President B.H.O. Has recently appointed a Golf Czar.
Major rule changes in the game of golf will become effective November 1, 2012.
This is only a preview as the complete rule book (expect 2716 pages) is being rewritten as we speak.
Here are a few of the changes:
Golfers with handicaps:
- Below 10 will have their green fees increased by 35%.
- Between 11 and 18 will see no increase in green fees.
- Above 18 will get a $20 check each time they play.
The term "gimmie" will be changed to "entitlement" and will be used as follows:
- Handicaps below 10, no entitlements.
- Handicaps from 11 to 17, entitlements for putter length putts.
- Handicaps above 18, if your ball is on the green, no need to putt, just pick it up.

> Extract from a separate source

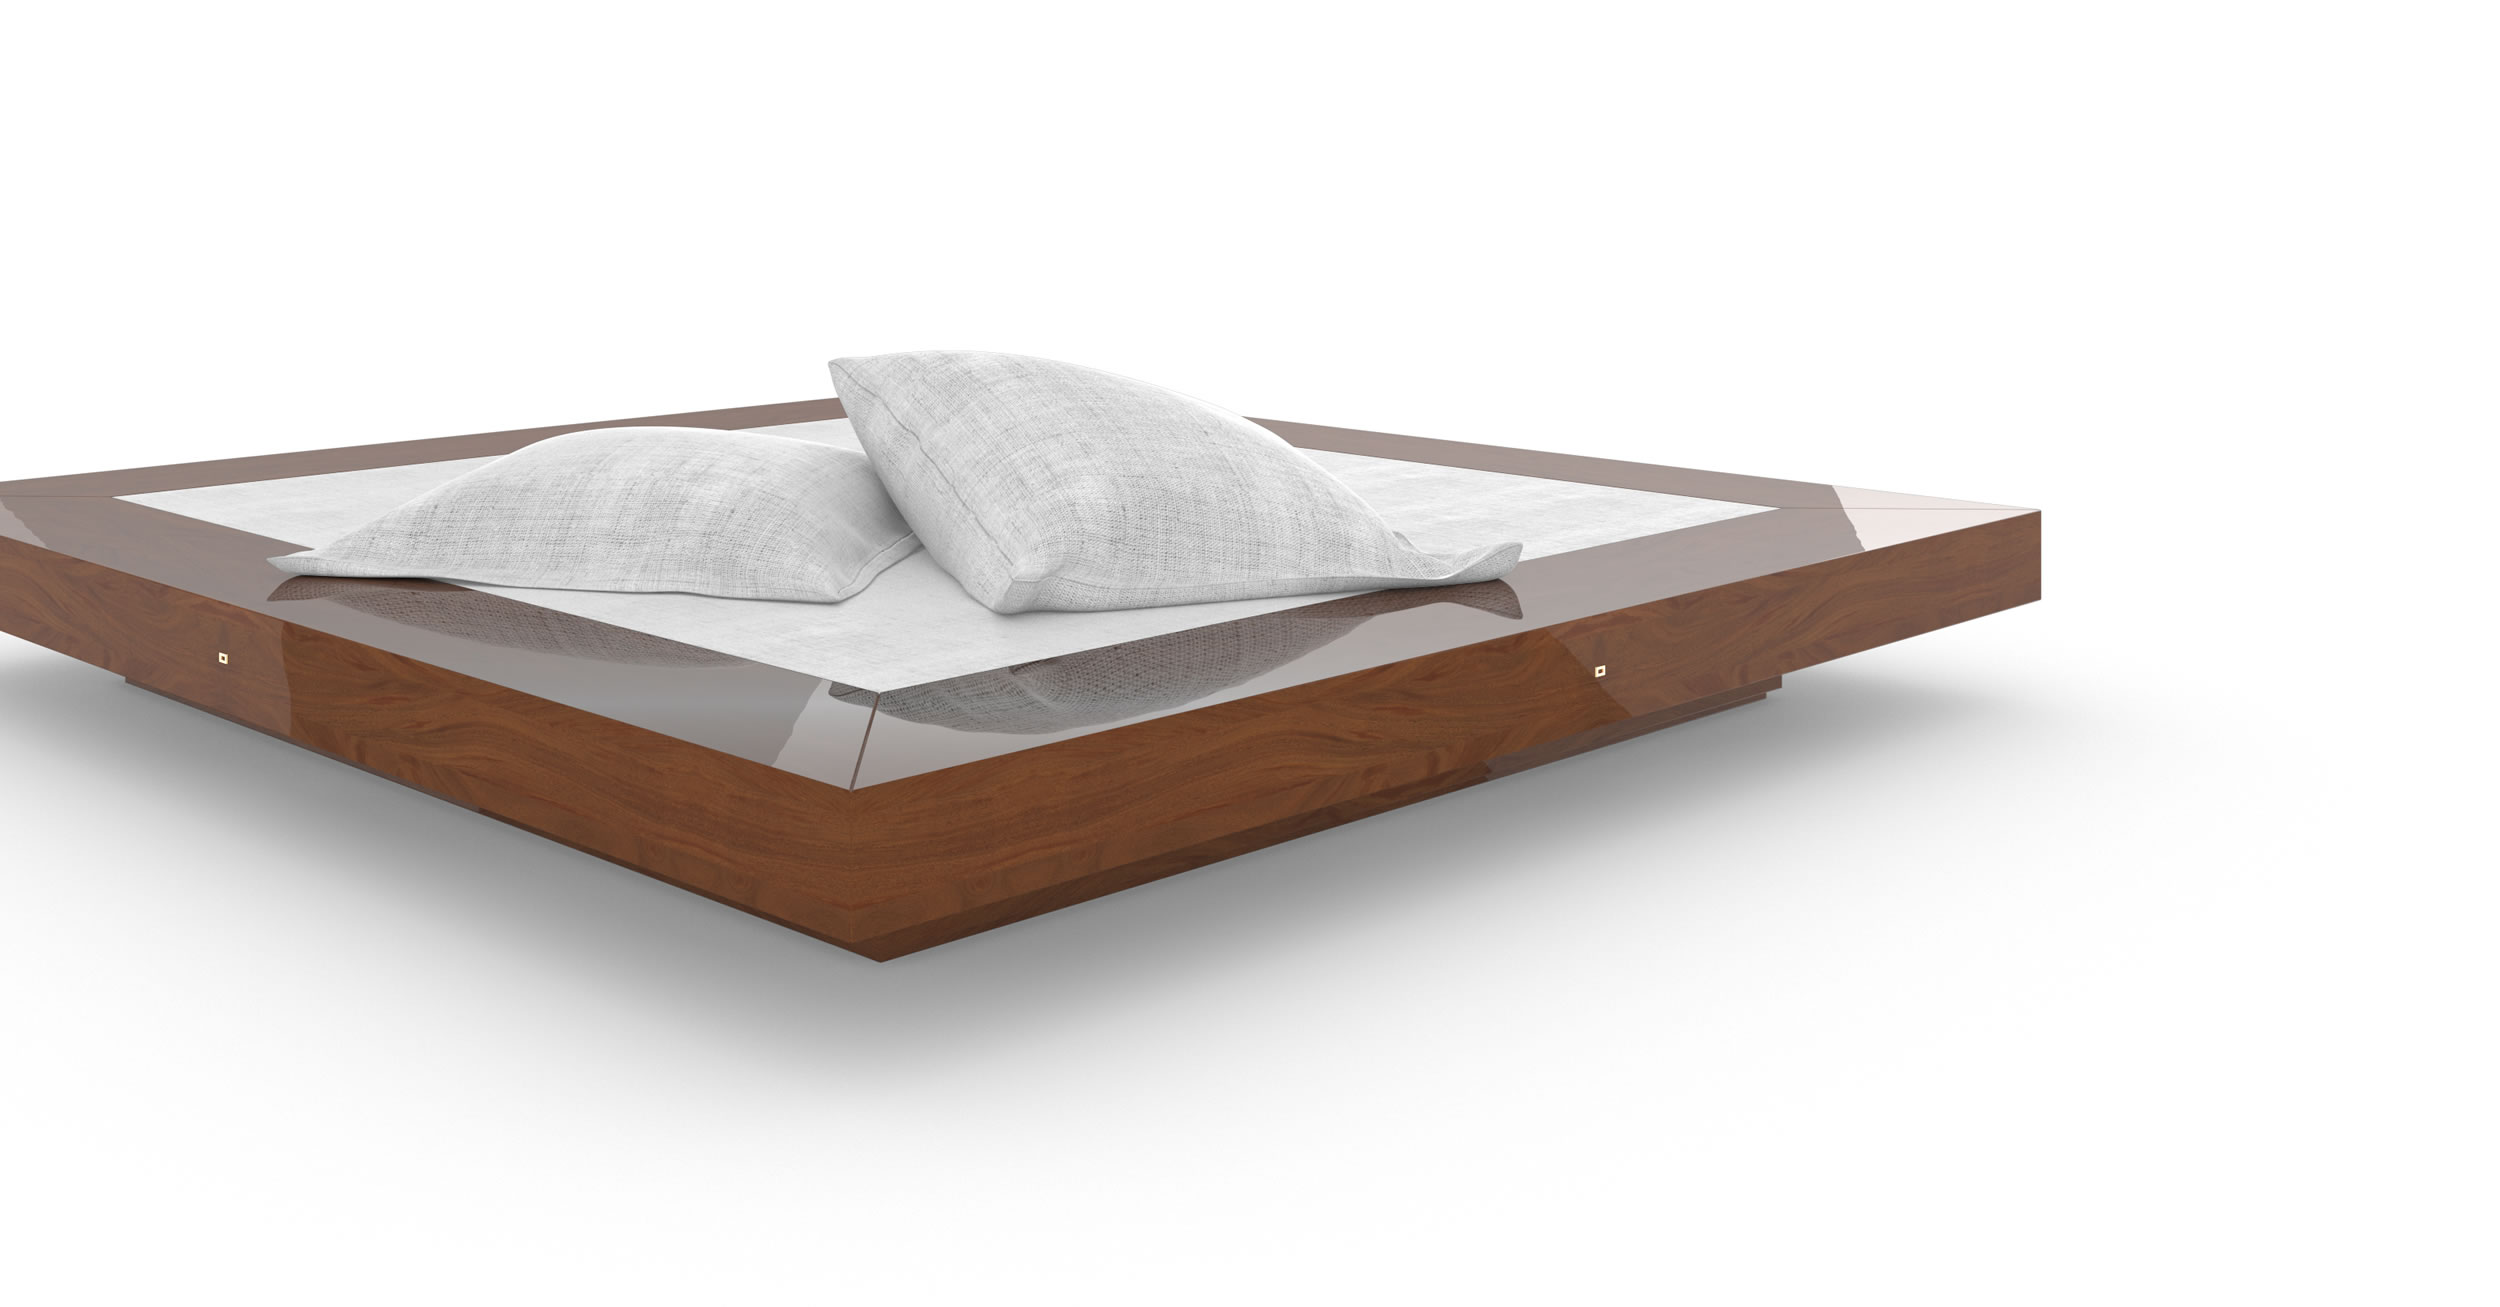 Design Bed Select Mahogany Hardwood Purist Handcrafted Design Refined InteriorFELIX SCHWAKE

These entitlements are intended to bring about fairness and, most importantly, equality in scoring.
In addition, a Player will be limited to a maximum of one birdie or six pars in any given 18-hole round.
Any excess must be given to those fellow players who have not yet scored a birdie or par.
Only after all players have received a birdie or par from the player actually making the birdie or par, can that player begin to count his pars and birdies again .
The current USGA handicap system will be used for the above purposes, but the term "net score" will be available only for scoring those players with handicaps of 18 and above.
This is intended to "re-distribute" the success of winning by making sure that in all competitions every Player above an 18 handicap will post only "net score" against every other player's "gross score".
These new Rules are intended to CHANGE the game of golf.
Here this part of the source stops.